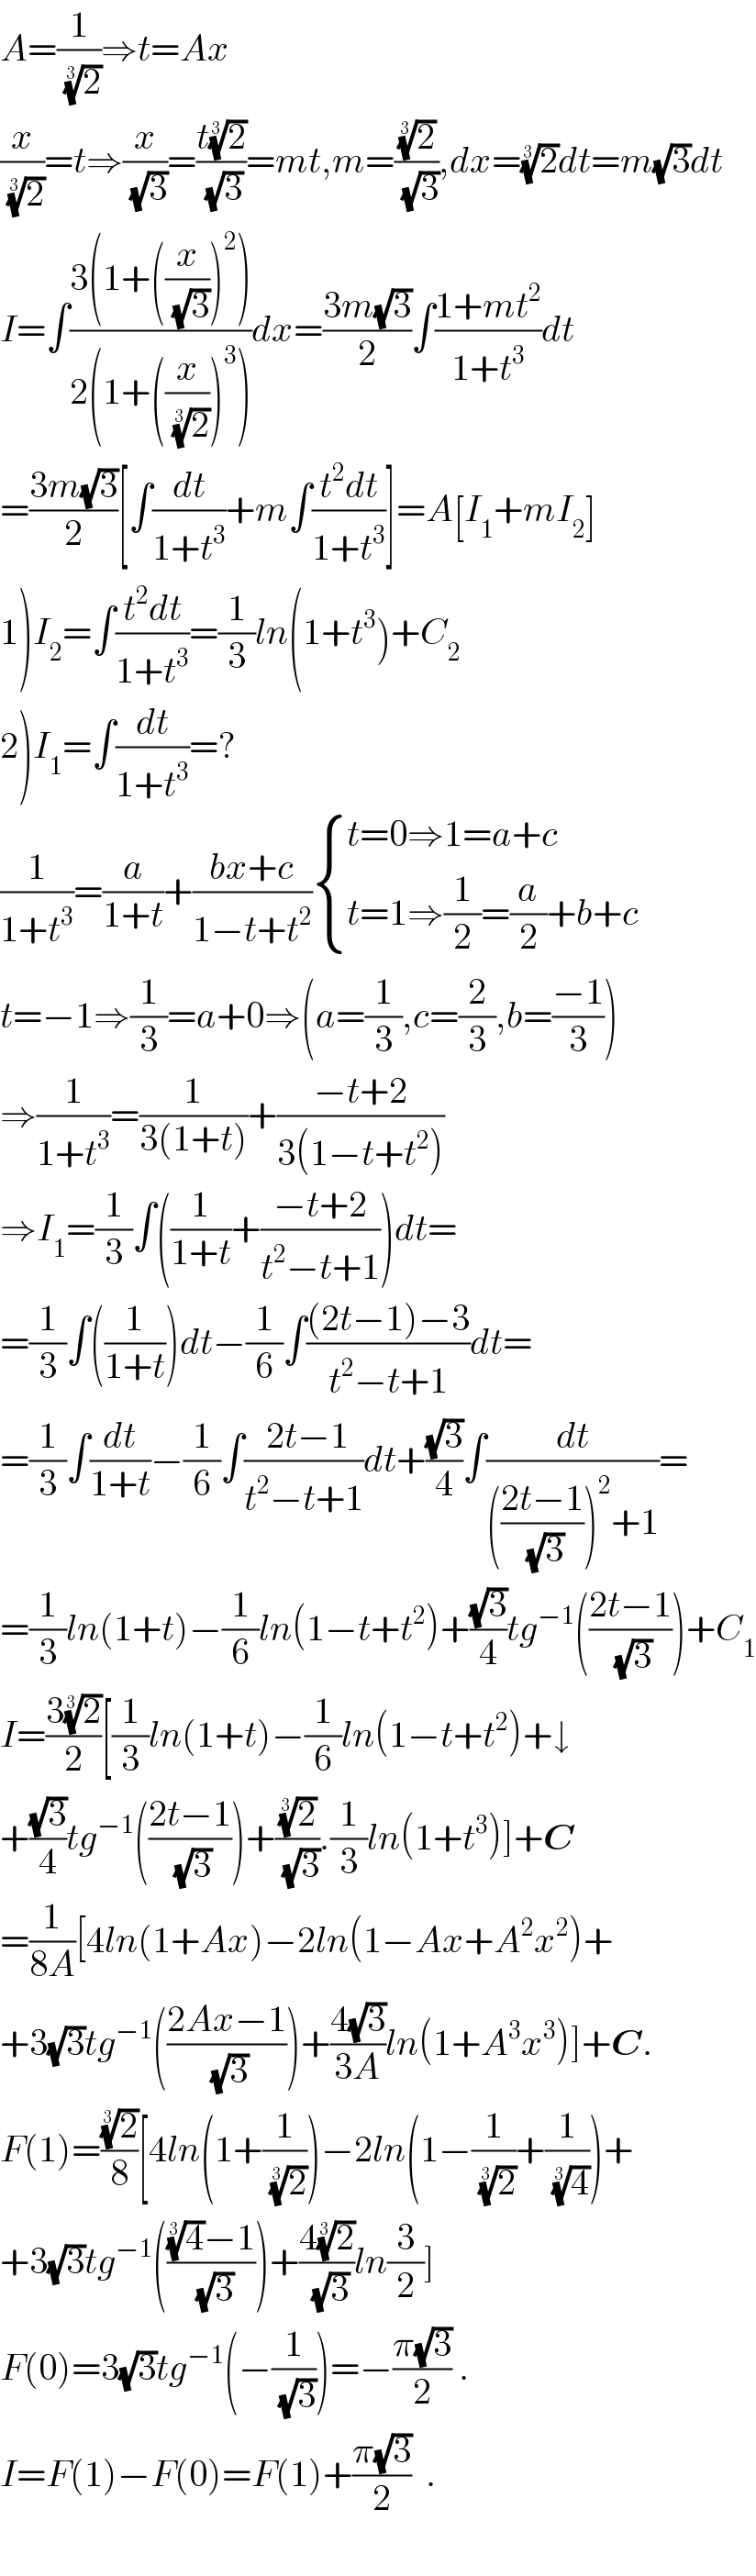 A=(1/(2)^(1/3) )⇒t=Ax  (x/(2)^(1/3) )=t⇒(x/(√3))=((t(2)^(1/3) )/(√3))=mt,m=((2)^(1/3) /(√3)),dx=(2)^(1/3) dt=m(√3)dt  I=∫((3(1+((x/(√3)))^2 ))/(2(1+((x/(2)^(1/3) ))^3 )))dx=((3m(√3))/2)∫((1+mt^2 )/(1+t^3 ))dt  =((3m(√3))/2)[∫(dt/(1+t^3 ))+m∫((t^2 dt)/(1+t^3 ))]=A[I_1 +mI_2 ]  1)I_2 =∫((t^2 dt)/(1+t^3 ))=(1/3)ln(1+t^3 )+C_2   2)I_1 =∫(dt/(1+t^3 ))=?  (1/(1+t^3 ))=(a/(1+t))+((bx+c)/(1−t+t^2 )) { ((t=0⇒1=a+c)),((t=1⇒(1/2)=(a/2)+b+c)) :}  t=−1⇒(1/3)=a+0⇒(a=(1/3),c=(2/3),b=((−1)/3))  ⇒(1/(1+t^3 ))=(1/(3(1+t)))+((−t+2)/(3(1−t+t^2 )))  ⇒I_1 =(1/3)∫((1/(1+t))+((−t+2)/(t^2 −t+1)))dt=  =(1/3)∫((1/(1+t)))dt−(1/6)∫(((2t−1)−3)/(t^2 −t+1))dt=  =(1/3)∫(dt/(1+t))−(1/6)∫(( 2t−1)/(t^2 −t+1))dt+((√3)/4)∫(dt/((((2t−1)/(√3)))^2 +1))=  =(1/3)ln(1+t)−(1/6)ln(1−t+t^2 )+((√3)/4)tg^(−1) (((2t−1)/(√3)))+C_1   I=((3(2)^(1/3) )/2)[(1/3)ln(1+t)−(1/6)ln(1−t+t^2 )+↓  +((√3)/4)tg^(−1) (((2t−1)/(√3)))+((2)^(1/3) /(√3)).(1/3)ln(1+t^3 )]+C  =(1/(8A))[4ln(1+Ax)−2ln(1−Ax+A^2 x^2 )+  +3(√3)tg^(−1) (((2Ax−1)/(√3)))+((4(√3))/(3A))ln(1+A^3 x^3 )]+C.  F(1)=((2)^(1/3) /8)[4ln(1+(1/(2)^(1/3) ))−2ln(1−(1/(2)^(1/3) )+(1/(4)^(1/3) ))+  +3(√3)tg^(−1) ((((4)^(1/3) −1)/(√3)))+((4(2)^(1/3) )/(√3))ln(3/2)]  F(0)=3(√3)tg^(−1) (−(1/(√3)))=−((π(√3))/2) .  I=F(1)−F(0)=F(1)+((π(√3))/2)  .    
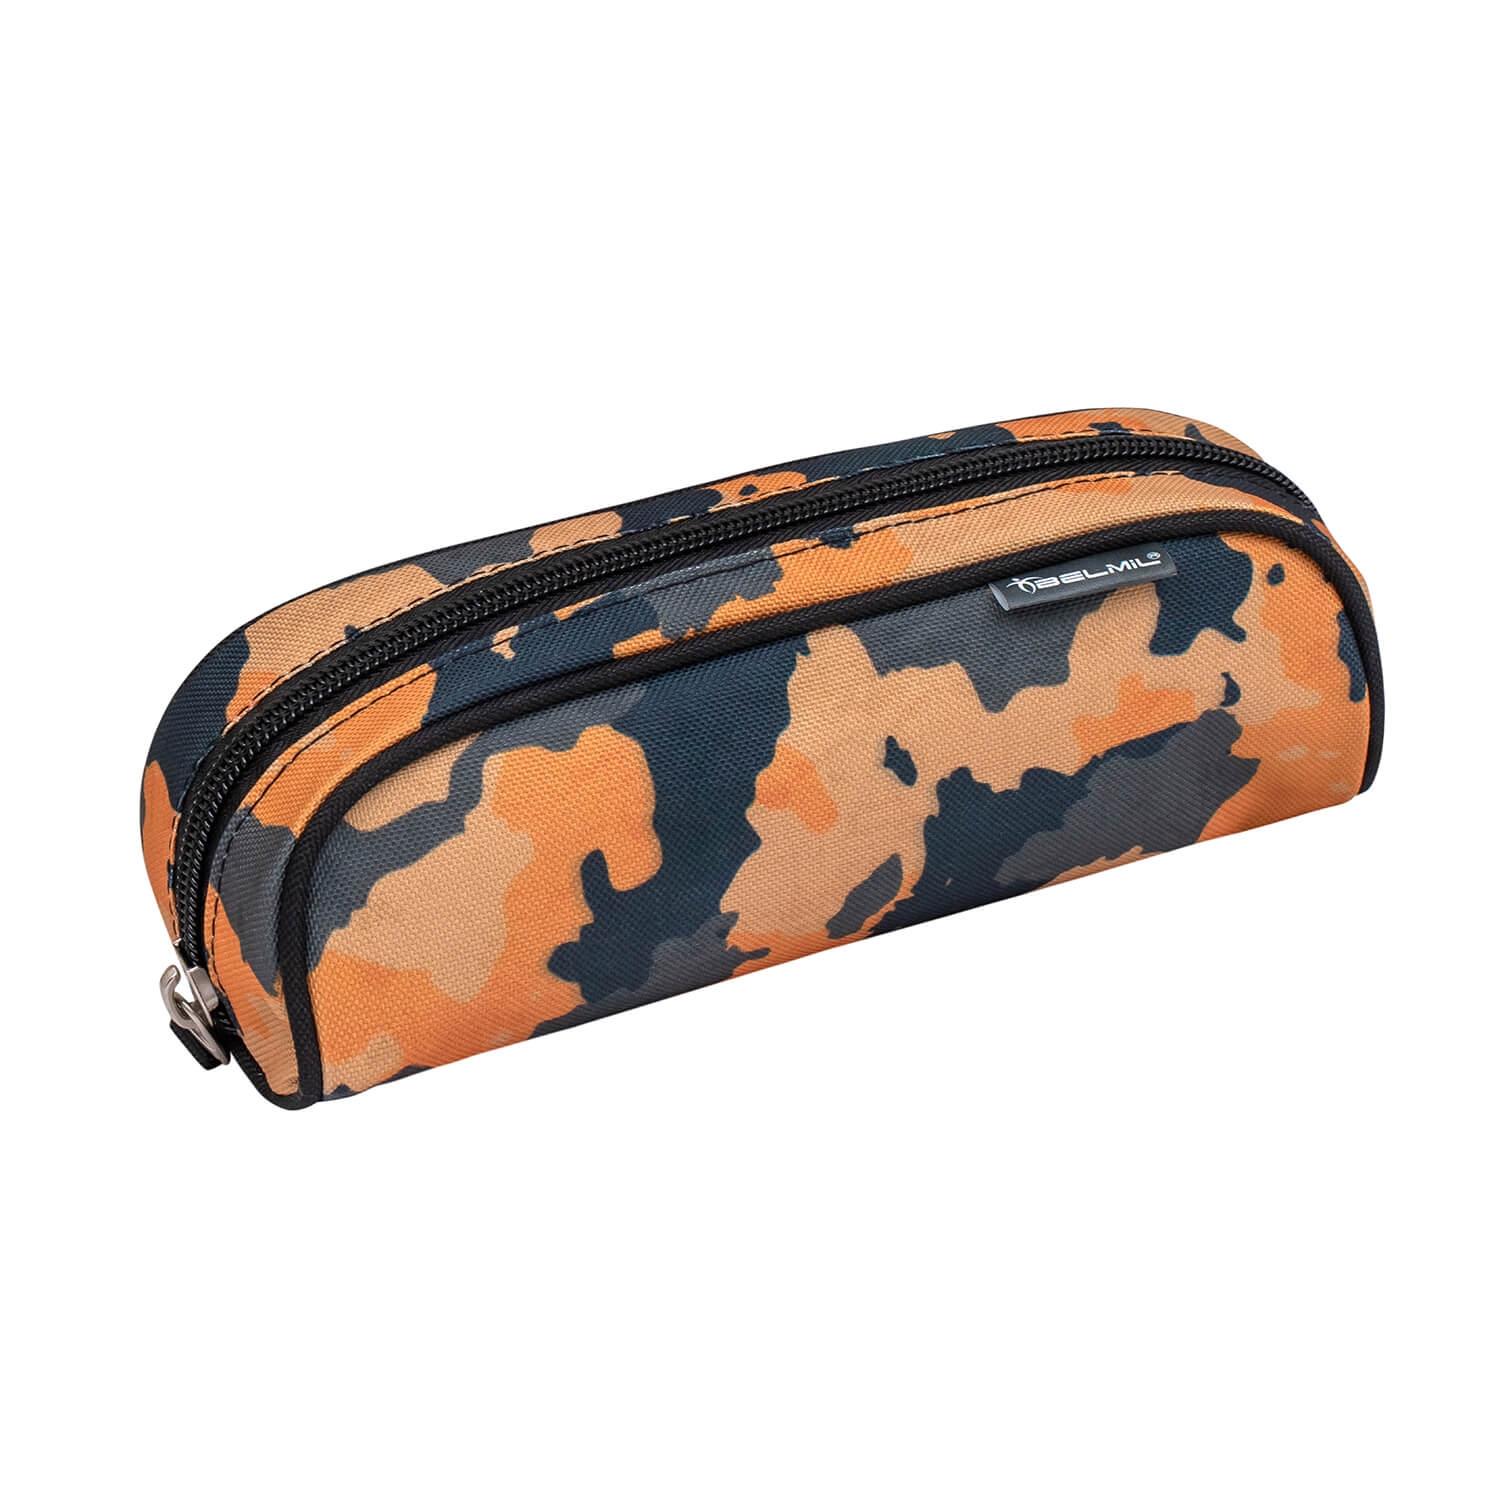 Motion Orange Camouflage schoolbag set 5 pcs
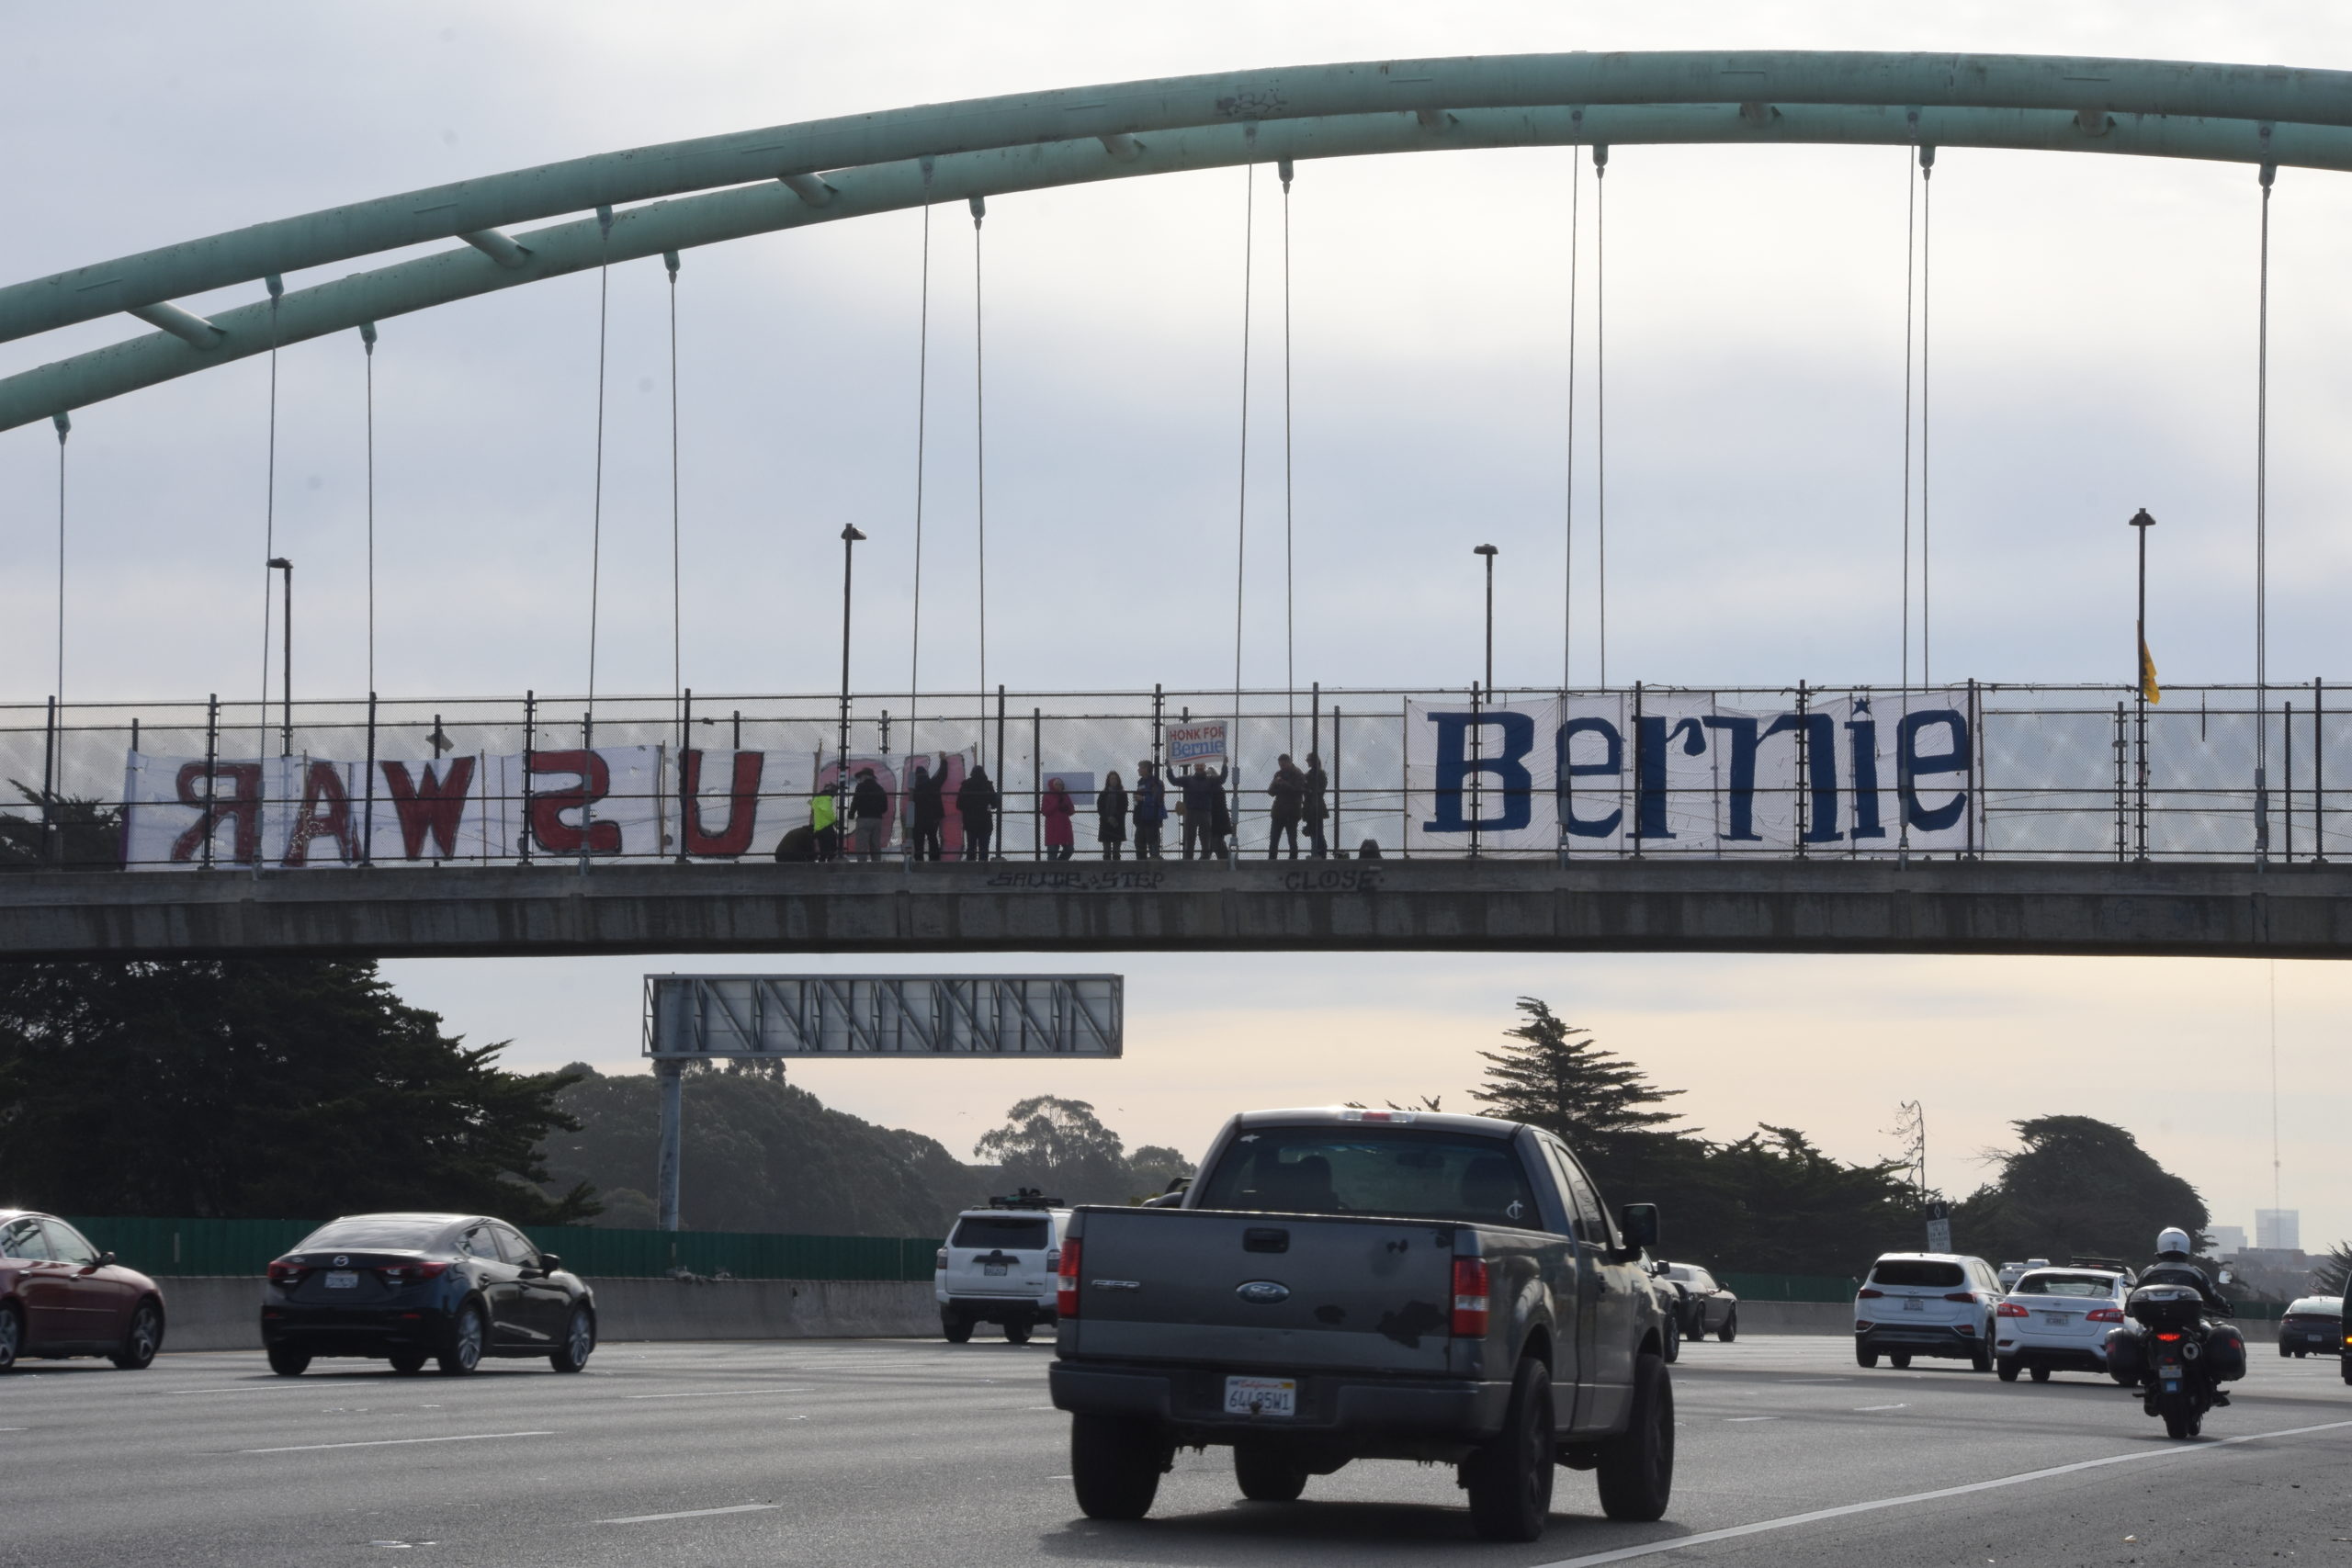 California Progressive Alliance Annual Meeting 2020 - Bannering for Bernie

----

WHAT YOU ARE ASKED TO DO
From the line containing "Motion Orange Camouflage schoolbag set 5 pcs" down to the last line of the data, print every line exactly and nothing else. Pictures stay out of the copy.

ANSWER BELOW
 Motion Orange Camouflage schoolbag set 5 pcs
 California Progressive Alliance Annual Meeting 2020 - Bannering for Bernie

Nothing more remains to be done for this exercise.